Basically we tuned the only one parameter - number of epochs using validation. Now I will use epochs=10.
# Predict on the whole dataset now, 10 epochs
model = Sequential([
Dense(32, input_dim=784),
Activation('relu'),
Dense(10),
Activation('softmax')
])
# Multi-class classification problem
model.compile(optimizer='rmsprop',
loss='categorical_crossentropy',
metrics=['accuracy'])
model.fit(train_images.values, train_labels.values, nb_epoch=10, batch_size=64)

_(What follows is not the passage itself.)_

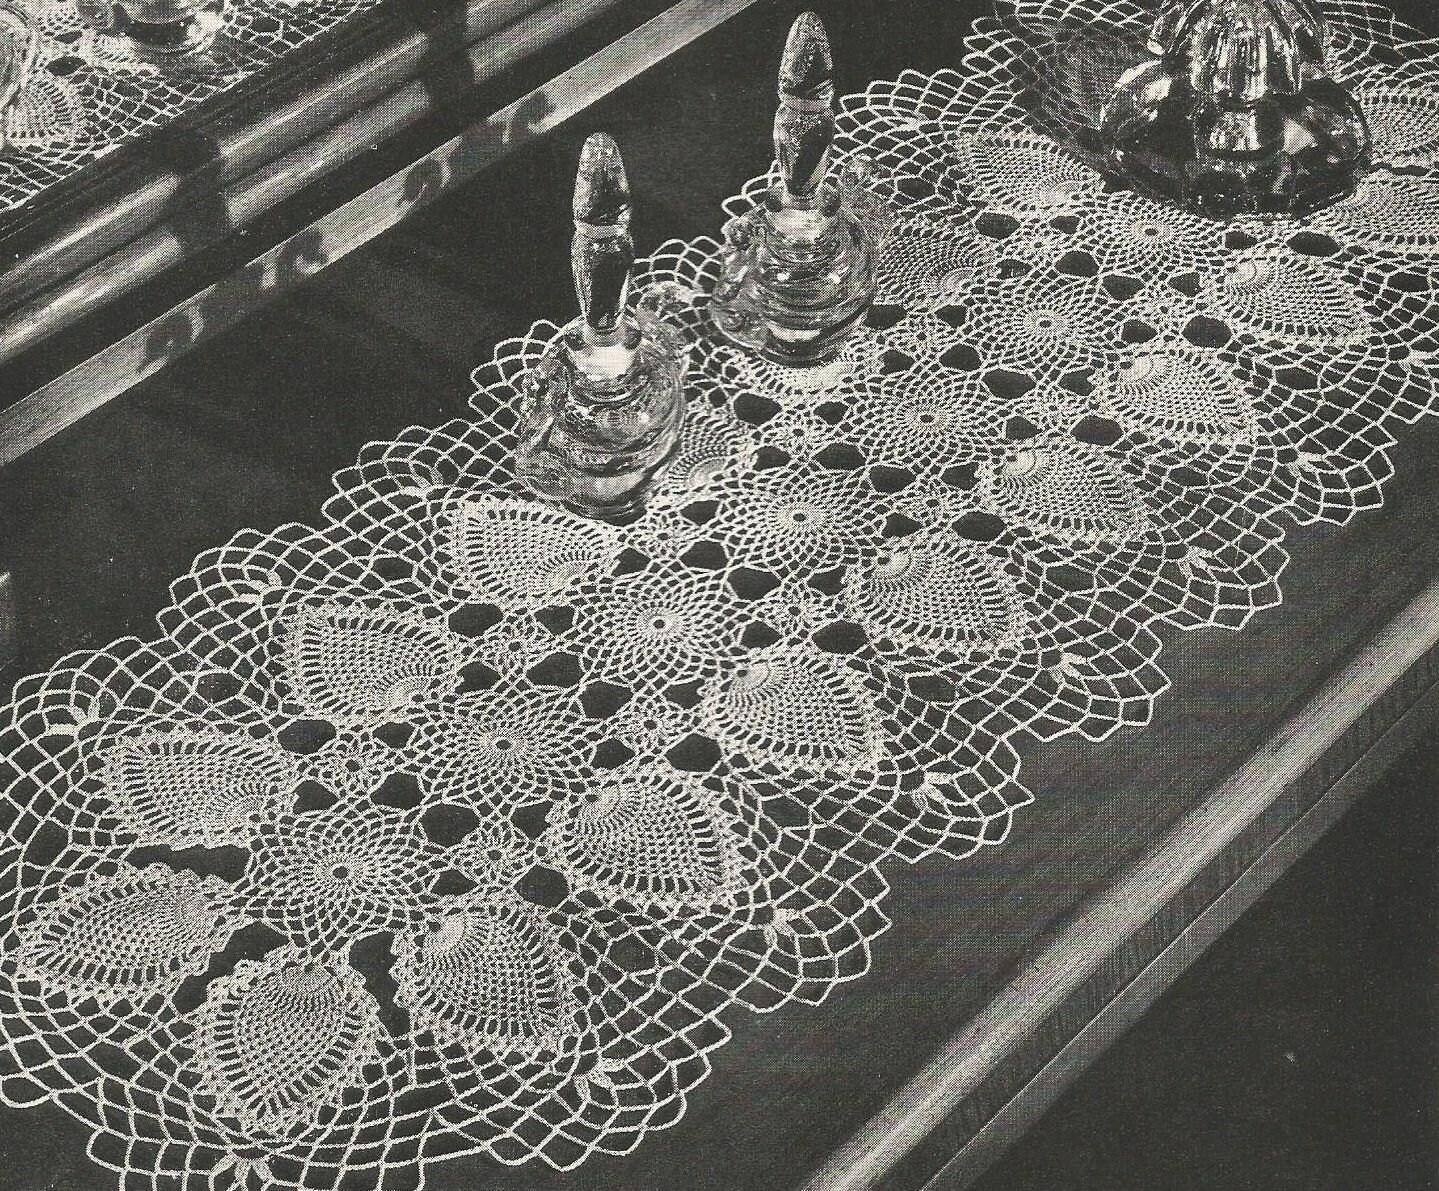 Pdf 3 Pineapple Crochet Patterns Doily Runner Oval Doily Table Etsy

E:\IDE\WPy-3662\python-3.6.6.amd64\lib\site-packages\ipykernel_launcher.py:14: UserWarning: The `nb_epoch` argument in `fit` has been renamed `epochs`.
Epoch 1/10
42000/42000 [==============================] - 3s 69us/step - loss: 0.4778 - acc: 0.8690
Epoch 2/10
42000/42000 [==============================] - 3s 71us/step - loss: 0.2596 - acc: 0.9256
Epoch 3/10
42000/42000 [==============================] - 3s 67us/step - loss: 0.2147 - acc: 0.9383
Epoch 4/10
42000/42000 [==============================] - 3s 73us/step - loss: 0.1843 - acc: 0.9471
Epoch 5/10
42000/42000 [==============================] - 3s 77us/step - loss: 0.1621 - acc: 0.9524
Epoch 6/10
42000/42000 [==============================] - 3s 66us/step - loss: 0.1459 - acc: 0.9574
Epoch 7/10
42000/42000 [==============================] - 3s 65us/step - loss: 0.1321 - acc: 0.9615
Epoch 8/10
42000/42000 [==============================] - 3s 62us/step - loss: 0.1219 - acc: 0.9647
Epoch 9/10
42000/42000 [==============================] - 3s 66us/step - loss: 0.1127 - acc: 0.9678
Epoch 10/10
42000/42000 [==============================] - 3s 67us/step - loss: 0.1060 - acc: 0.9693
<keras.callbacks.History at 0xe779390>
Predict test labels
pred_classes = model.predict_classes(test_images.values)
pred_classes
array([2, 0, 9, ..., 3, 9, 2], dtype=int64)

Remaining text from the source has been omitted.